DIRECTIONS FOR THIS TASK — Would you reproduce the data below exactly, please, leaving out its images?

-------- DATA SECTION

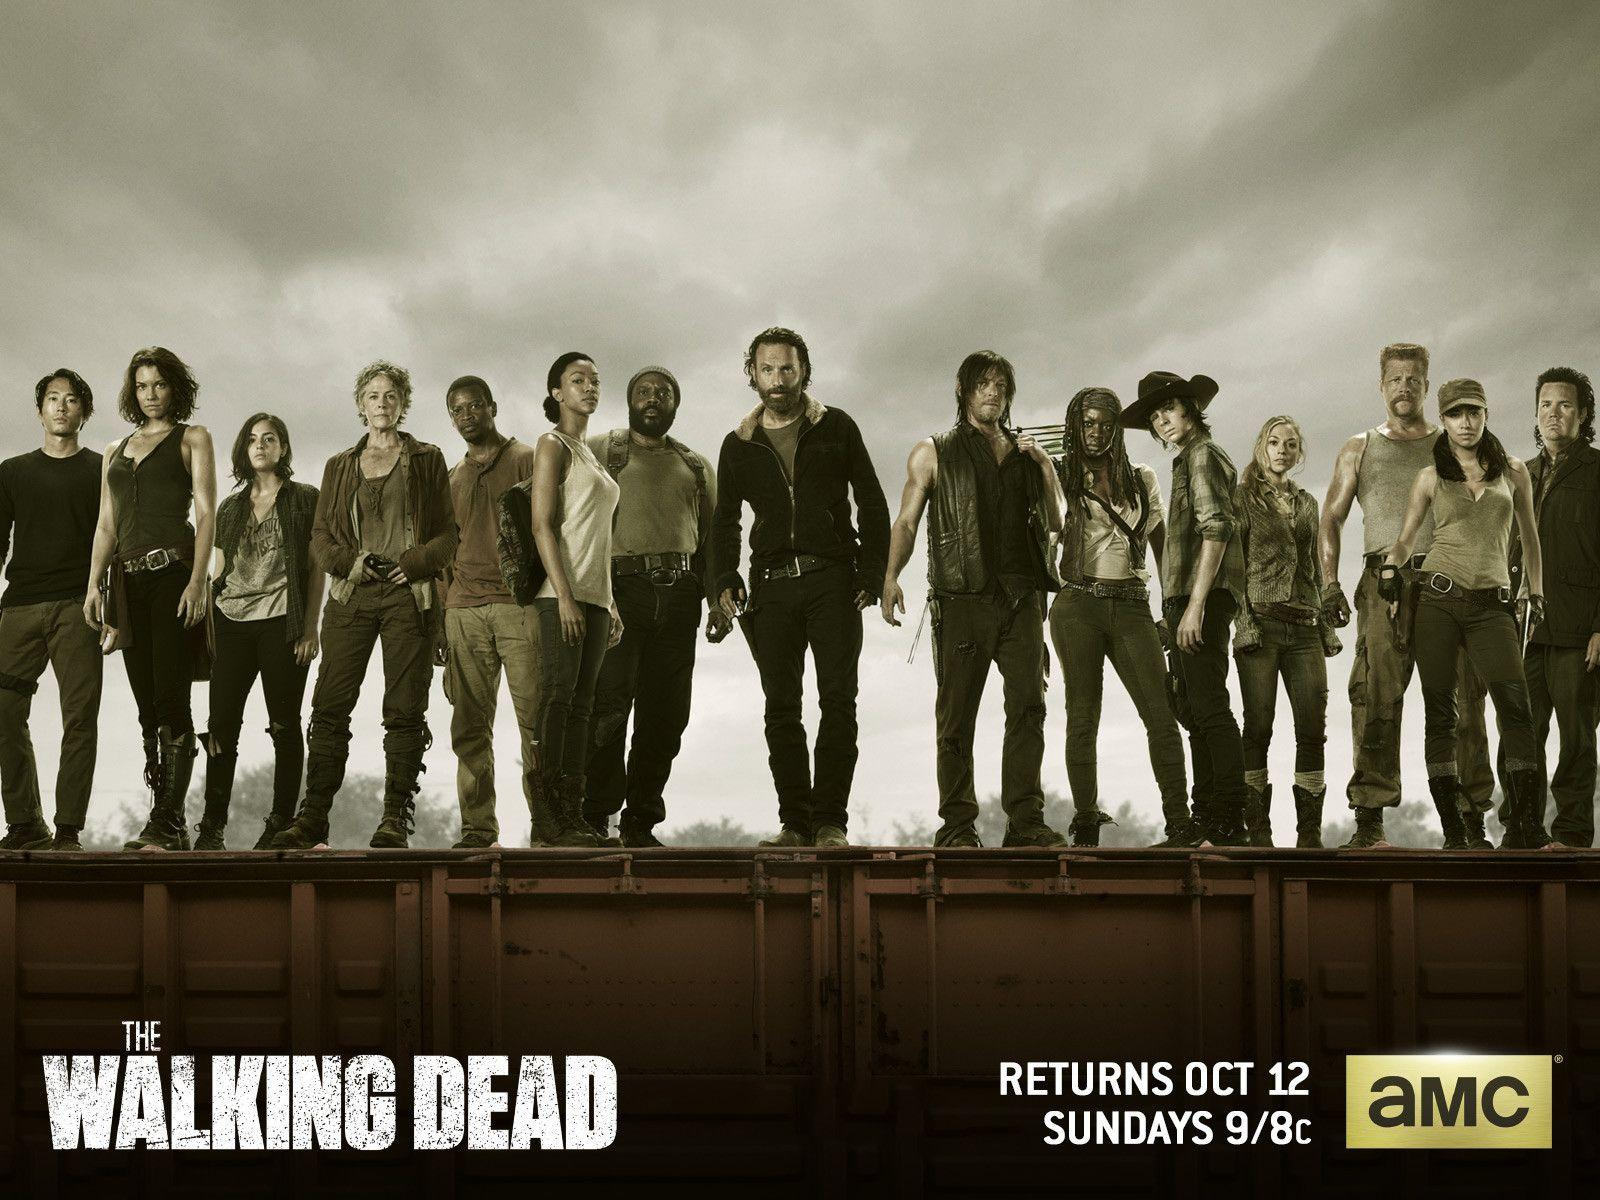 The Walking Dead Season 5 Wallpapers Wallpaper Cave
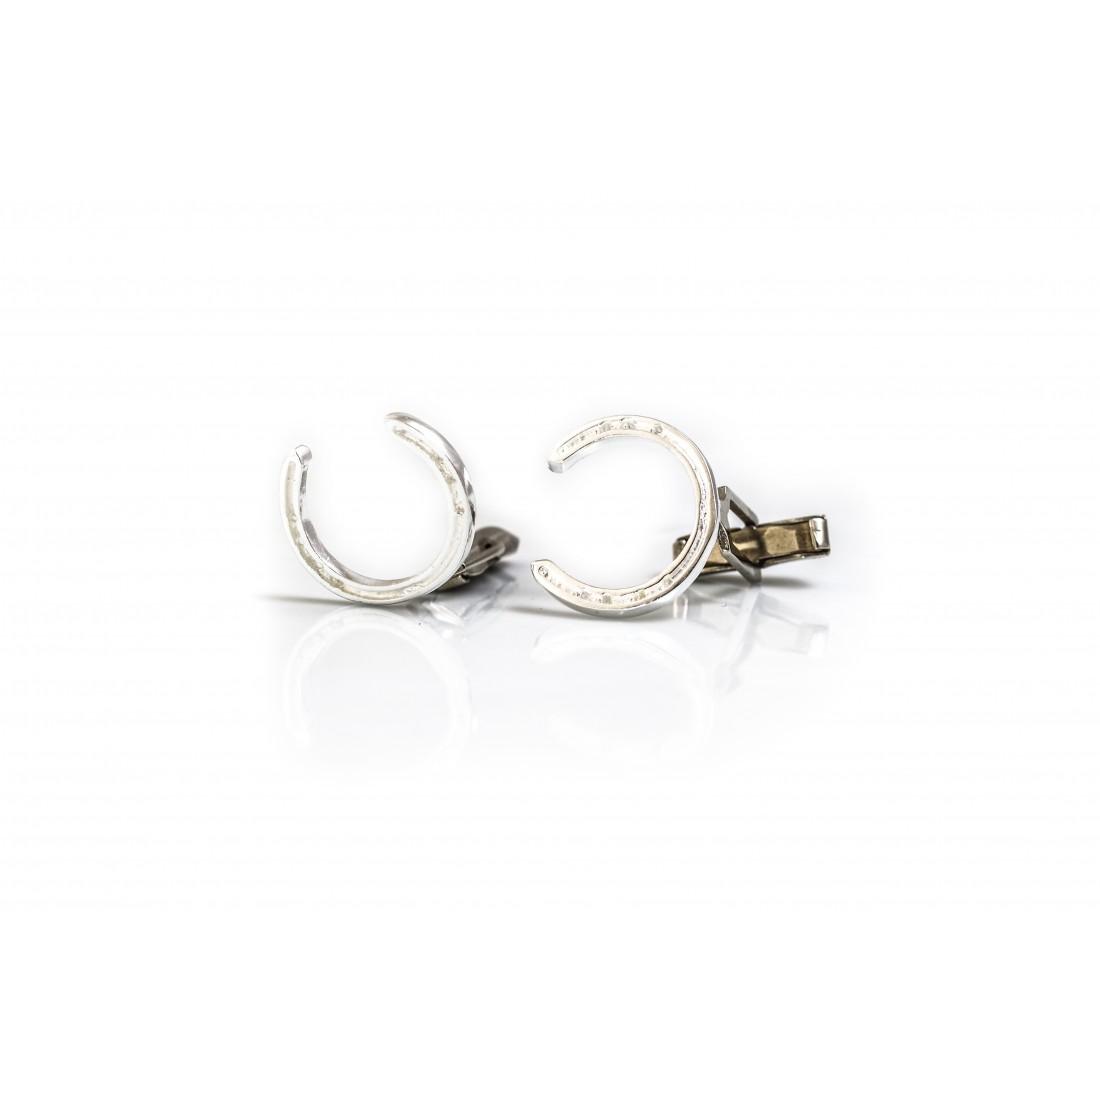 Sterling Silver Horseshoe Cufflinks
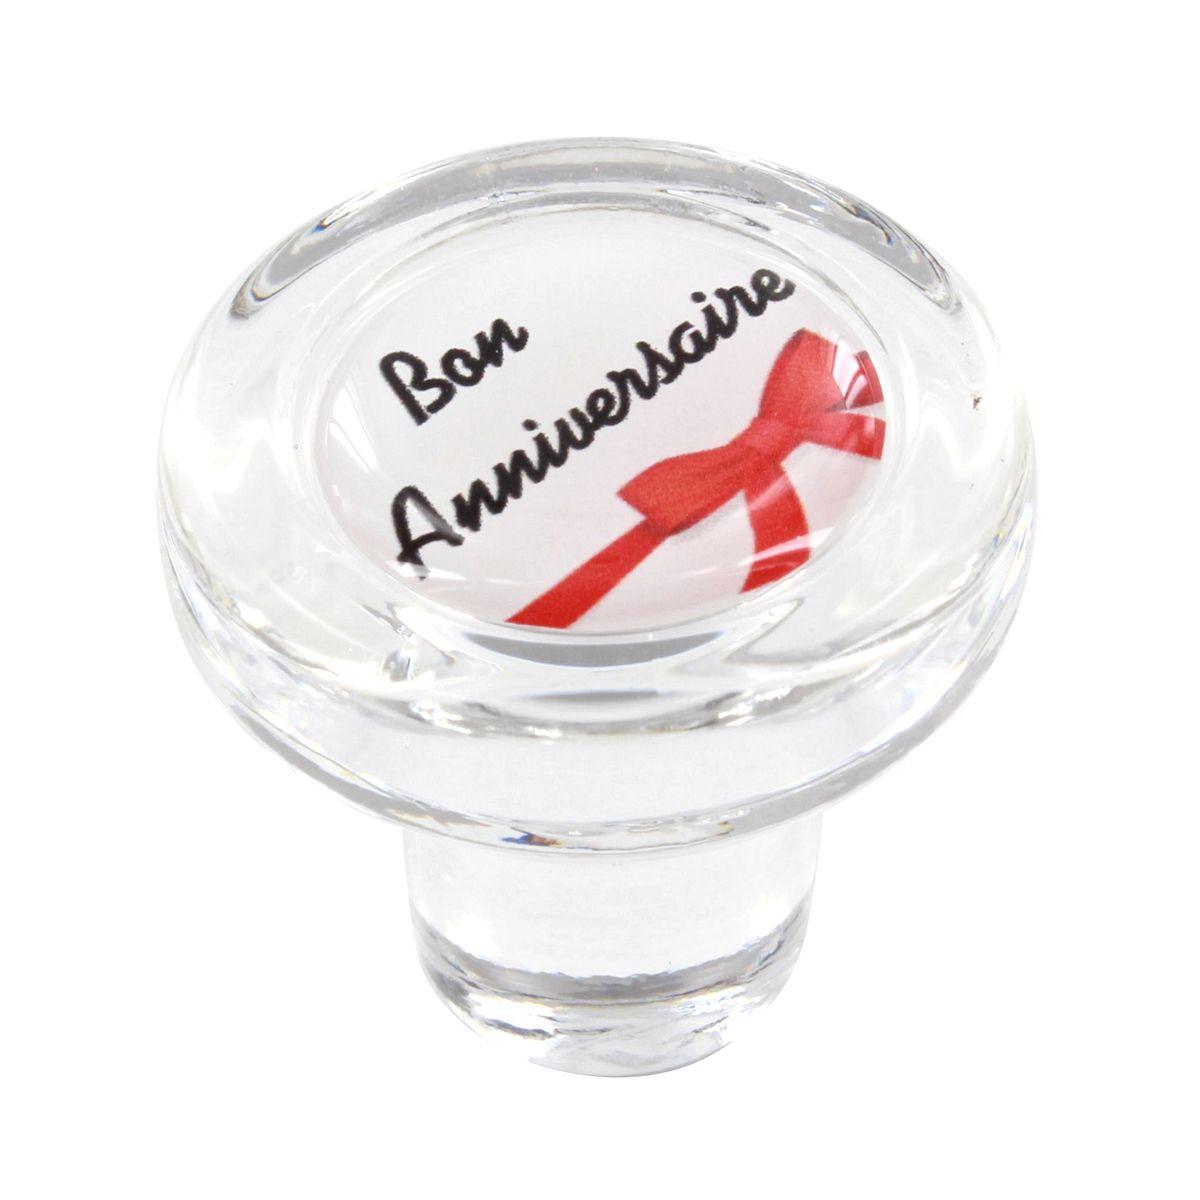 Bouchon en verre bon anniversaire - Cevenpack
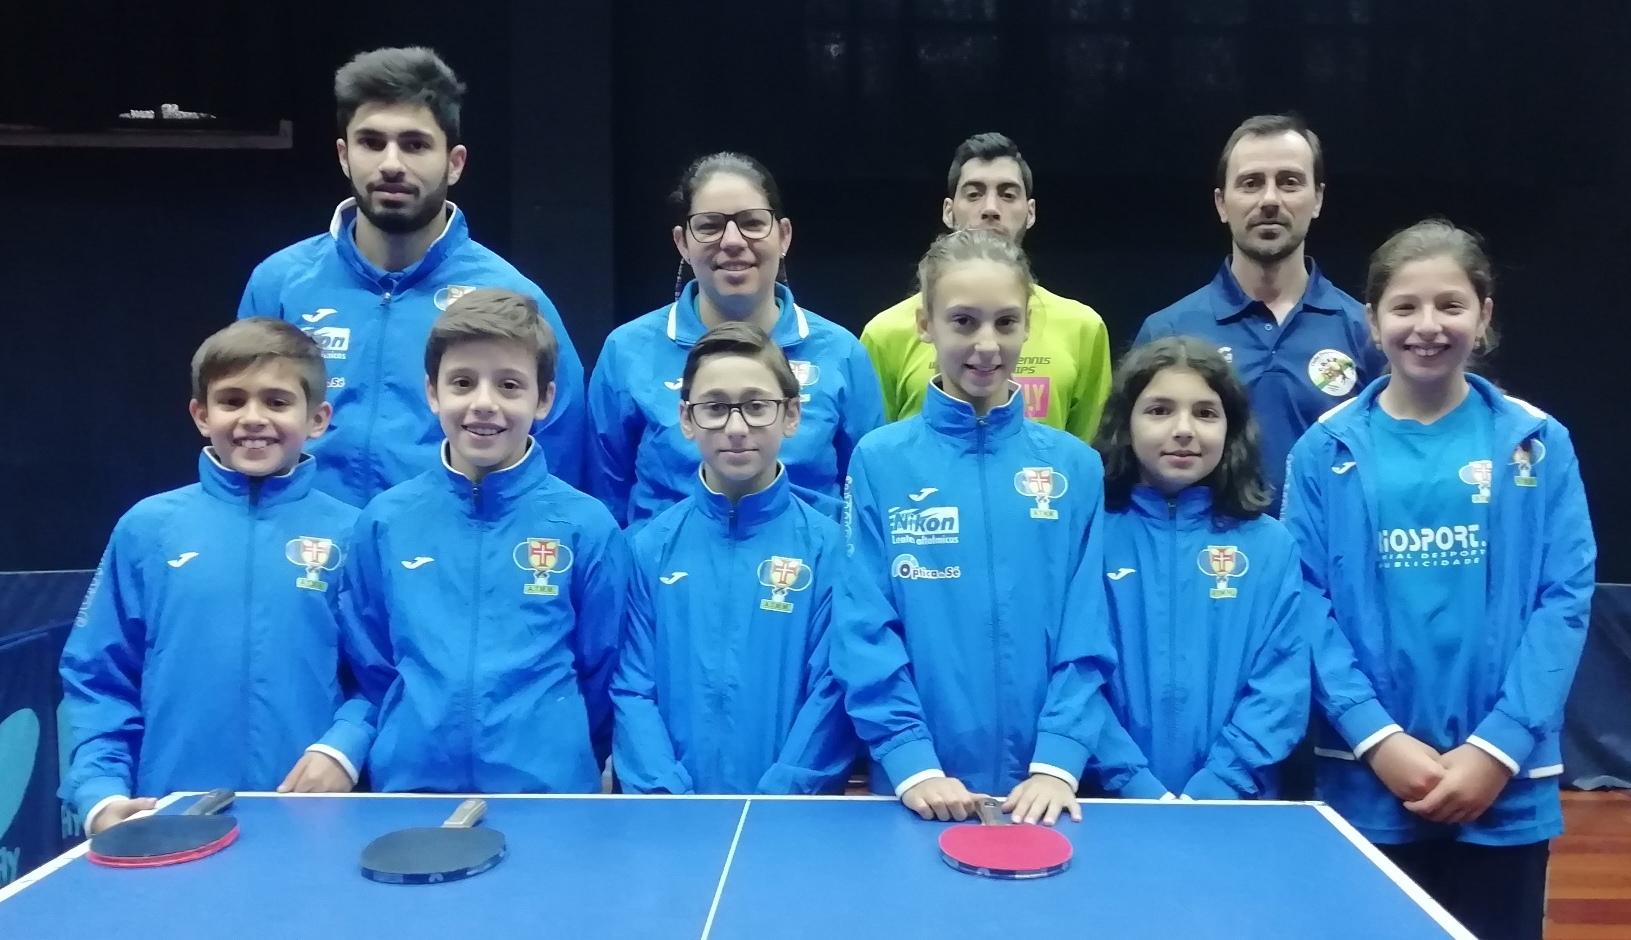 Estágio - Torneio da Catalunha 2019

----------------

FINAL ANSWER —
 The Walking Dead Season 5 Wallpapers Wallpaper Cave
 Sterling Silver Horseshoe Cufflinks
 Bouchon en verre bon anniversaire - Cevenpack
 Estágio - Torneio da Catalunha 2019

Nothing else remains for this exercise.